According to research, DAM performs competitively or better than existing methods such as evolutionary pooling, DARE-TIES, and Model soups. According to Gauthier-Caron, the technology represents a significant departure from existing approaches. He described evolutionary merging as a sluggish process in which it is not entirely clear how good the result will be and how long the merging process should take.
Combining is not an approach based on combining experts
Data scientists combine models in many different ways. One increasingly popular approach is mix of experts (MoE).
Gauthier-Caron emphasized that connecting models to DAM is completely different from MoE. He explained that MoE is a specific architecture that can be used to train language models.
The basic concept of model linking is that it starts from a point where the organization already has trained models. Training these models usually costs a lot of money, so engineers try to reuse existing trained models.

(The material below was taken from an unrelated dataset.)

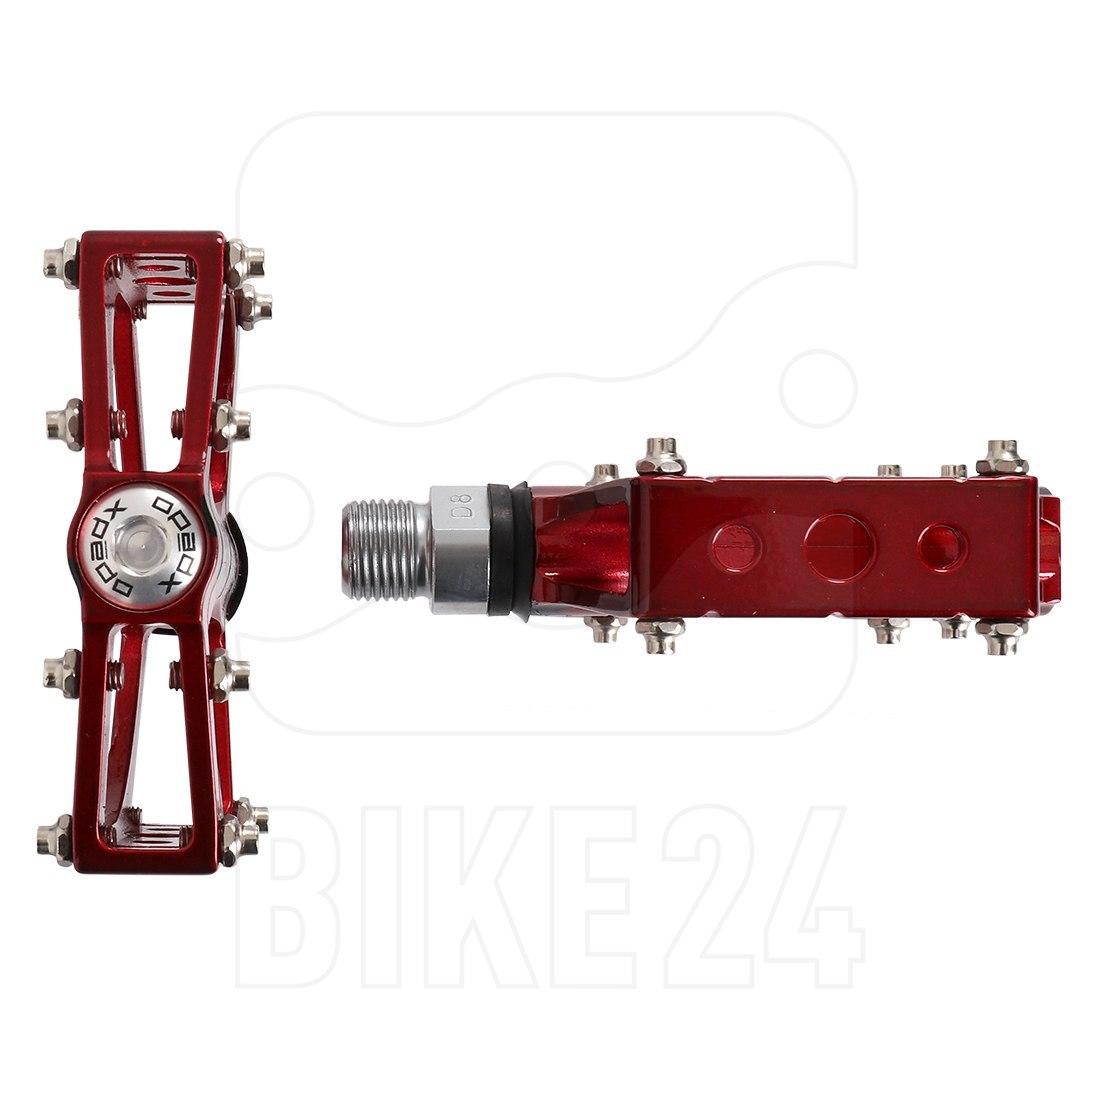 Bild von Xpedo Traverse 9 Pedal - rot

Practical applications and benefits of DAM for enterprise AI
One of the key advantages of DAM is the ability to effectively combine specialized models.
One such example given by Gauthier-Caron is a situation where an organization wanted to combine the Japanese model with a mathematical model. The goal of this combination is to create a model that can handle Japanese math well without requiring retraining. This is one area where DAM could potentially excel.
This technology is particularly critical when implementing generative artificial intelligence in enterprises, where efficiency and cost considerations are paramount. Helping create more capable ways of doing things at reduced costs is a key goal of Arcee. Therefore, DAM research is critical both for the company and, ultimately, for its users.
“Enterprise AI adoption comes down to performance, availability, scalability and cost,” Mark McQuade, co-founder and CEO of Arcee AI, told VentureBeat.